Quinn Henicle

No. 10 – Old Dominion Monarchs
- Position: Quarterback
- Class: Redshirt Sophomore

Personal information
- Listed height: 6 ft 2 in (1.88 m)
- Listed weight: 215 lb (98 kg)

Career information
- High school: Downingtown (Downingtown, Pennsylvania)
- College: Old Dominion (2024–present);
- Stats at ESPN

= Quinn Henicle =

American football player

Quinn Henicle is an American football quarterback for the Old Dominion Monarchs.

==Early life==
Henicle attended Downingtown High School in Downingtown, Pennsylvania, and committed to play college football for the Old Dominion Monarchs.

==College career==
In week 3 of the 2024 season, Henicle ran for a 65-yard touchdown versus Virginia Tech.
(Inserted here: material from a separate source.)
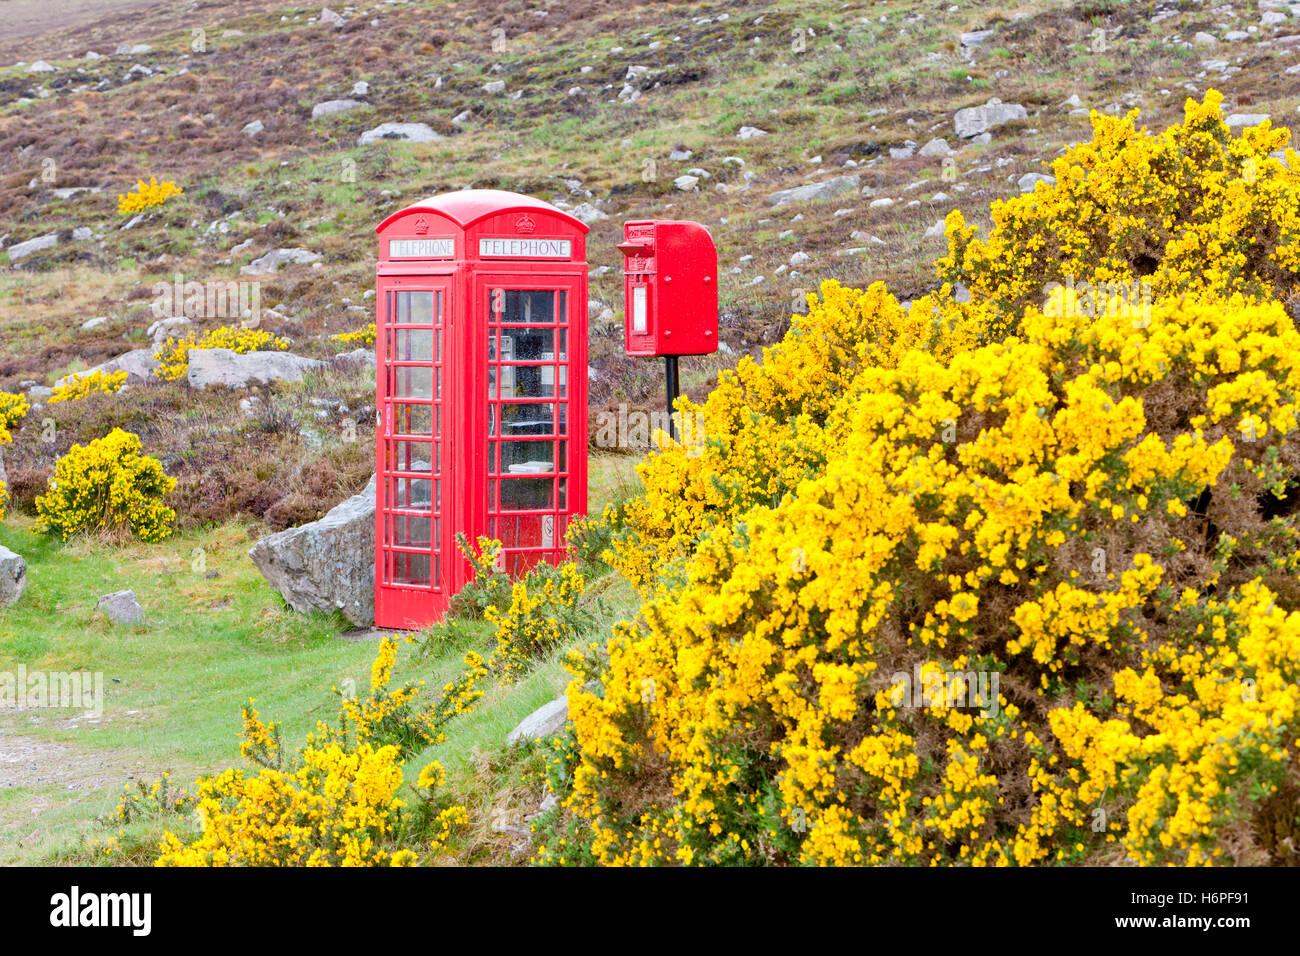 telephone box phonebooth telephone kiosk telephone booth telephone phone flora europe spring bouncing bounces hop - Stock Image

In the 2024 regular season finale, he made his first career start, completing 9 of 12 pass attempts for 143 yards and two touchdowns, while adding 206 yards and two touchdowns on the ground in a win over Arkansas State. Henicle finished the 2024 season completing 14 of 25 pass attempts for 181 yards and two touchdowns, while rushing for 278 yards and three touchdowns. In the 2025 Cure Bowl, he completed 11 of 25 pass attempts for 127 yards and rushed for 107 yards and two touchdowns in a victory over South Florida. Heading into the 2026 season, Henicle was named the Monarchs starting quarterback.